The long-term maintenance of specialized mutualisms remains an evolutionary puzzle. Recent focus has been on factors governing the stability of these mutualisms, including sanctions by the host, partner choice, and coevolutionary constraint, that is, the genetic correlation (r(G)) between fitness of both partners. So far these studies have been typically carried out in a single environment. Here, we ask if the genetic correlation between fitness of the host plant Medicago truncatula (Fabaceae) and its bacterial symbiont Sinorhizobium meliloti is affected by the presence/absence of a monoterpene (carvacrol) leached into the soil by Thymus vulgaris-a common plant of the Mediterranean vegetation, often co-occuring with Medicago.
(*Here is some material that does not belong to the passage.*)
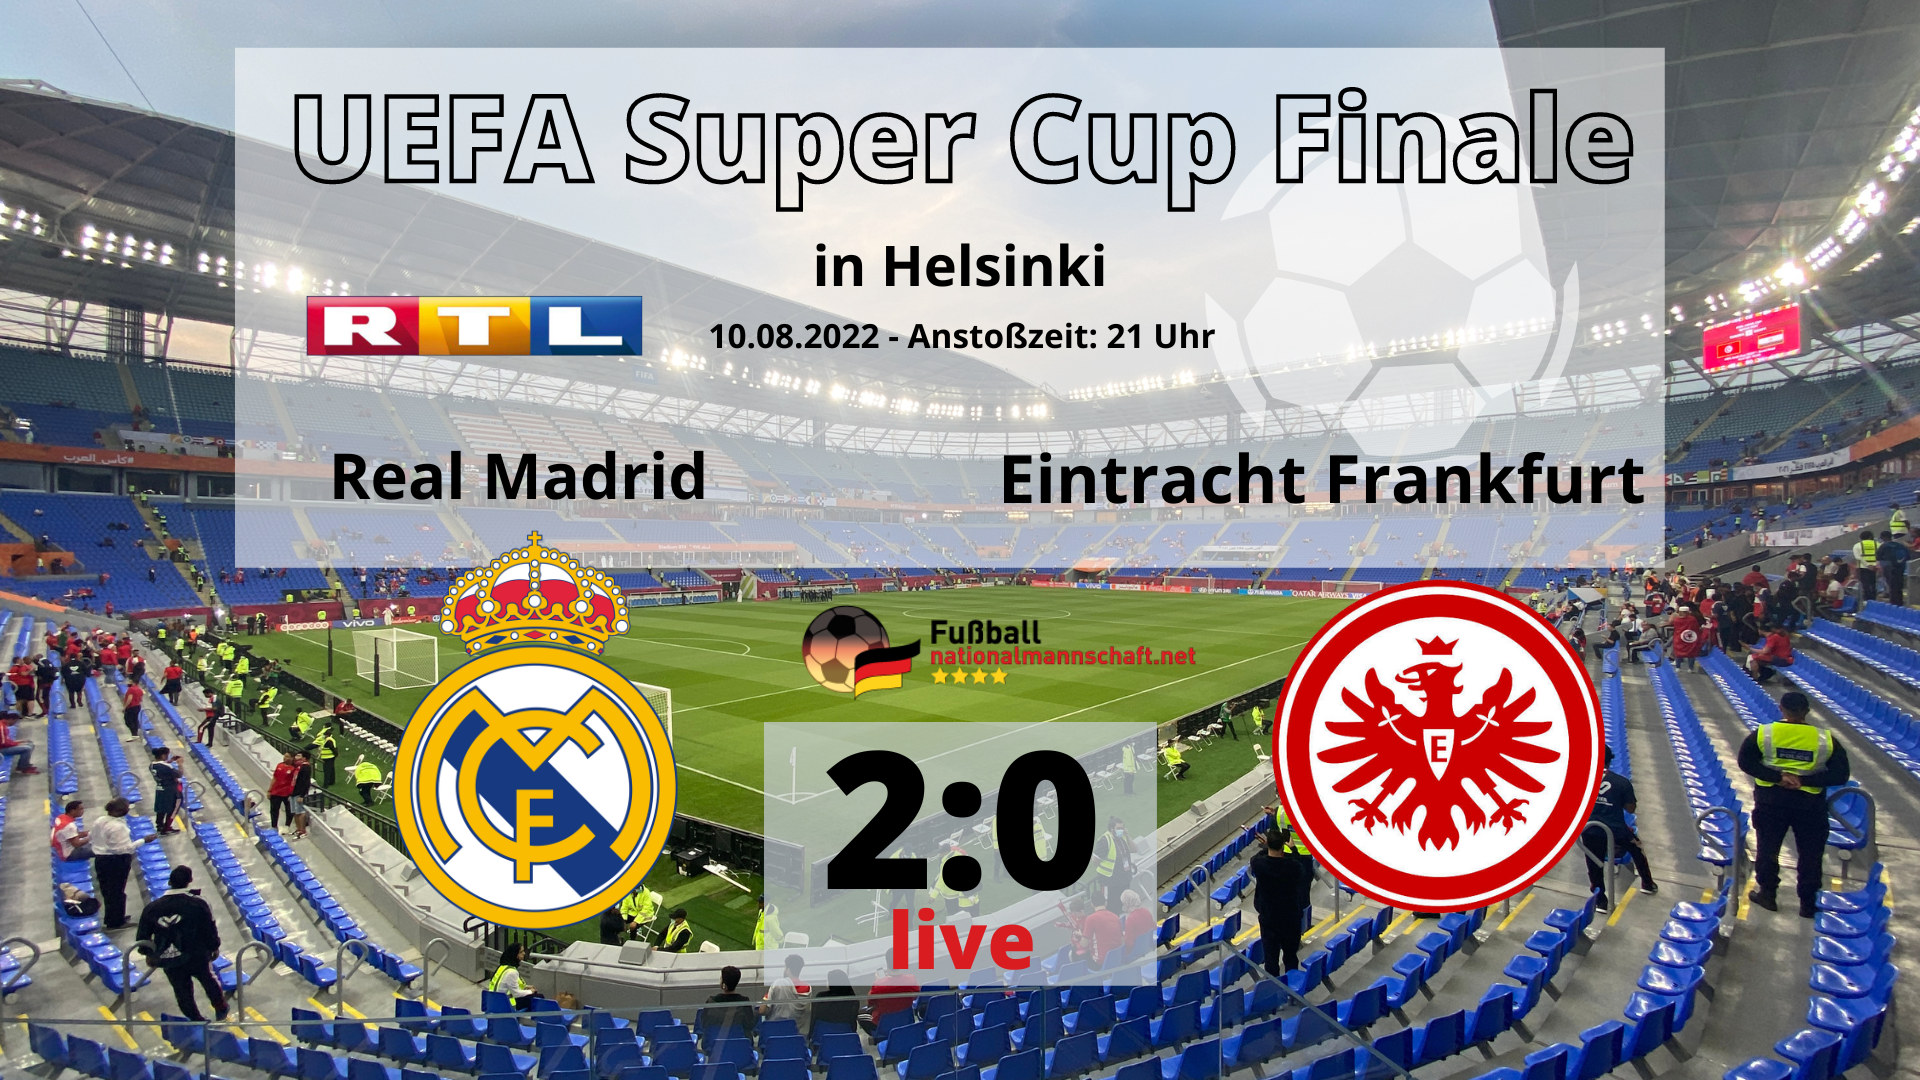 Fußball heute RTL live * 2:0 UEFA Super Cup Finale Real Madrid - Eintracht Frankfurt *** Wer spielt heute?

We show that the presence of carvacrol in the soil dramatically affects fitness of the rhizobial partner and increases the magnitude of r(G) between plant and rhizobia fitness (r(G) = 0.02 ± 0.05 vs. r(G) = 0.57 ± 0.02). This finding emphasizes the importance of heterogeneity in the biotic environment for understanding the evolution of species interactions.

Introduction

The stability of specialized mutualisms has been considered an evolutionary puzzle. As natural selection operates to maximize the fitness of each partner, a conflict of interest can undermine the maintenance of a mutualism as each partner may benefit from exploiting the other partner potentially shifting the interaction from being mutualistic to antagonistic (Sachs and Simms 2006). Mutualisms between plants and their microbial symbionts play an important role for the functioning of terrestrial communities and ecosystems. Nitrogen-fixing bacteria (rhizobia) reside in plant root organs called nodules, where they fix atmospheric nitrogen to organic nitrogen. Plants benefit from this interaction, as nitrogen is often a limiting growth factor. Bacteria in return receive photosynthetic product (sugars). The maintenance of this mutualism has received much attention and mechanisms promoting its stability include sanctioning of nonsymbiotic rhizobium by plants (Kiers et al. 2003) and partner choice, where plants form more nodules with the most beneficial rhizobium strain (Simms et al. 2006; Heath and Tiffin 2009). Genotype-by-genotype (G×G) interactions may likewise slow the breakdown of the mutualism if a genotype behaves as “cheater” when interacting with one partner genotype but as a benefactor when interacting with another partner genotype (Heath and Tiffin 2007).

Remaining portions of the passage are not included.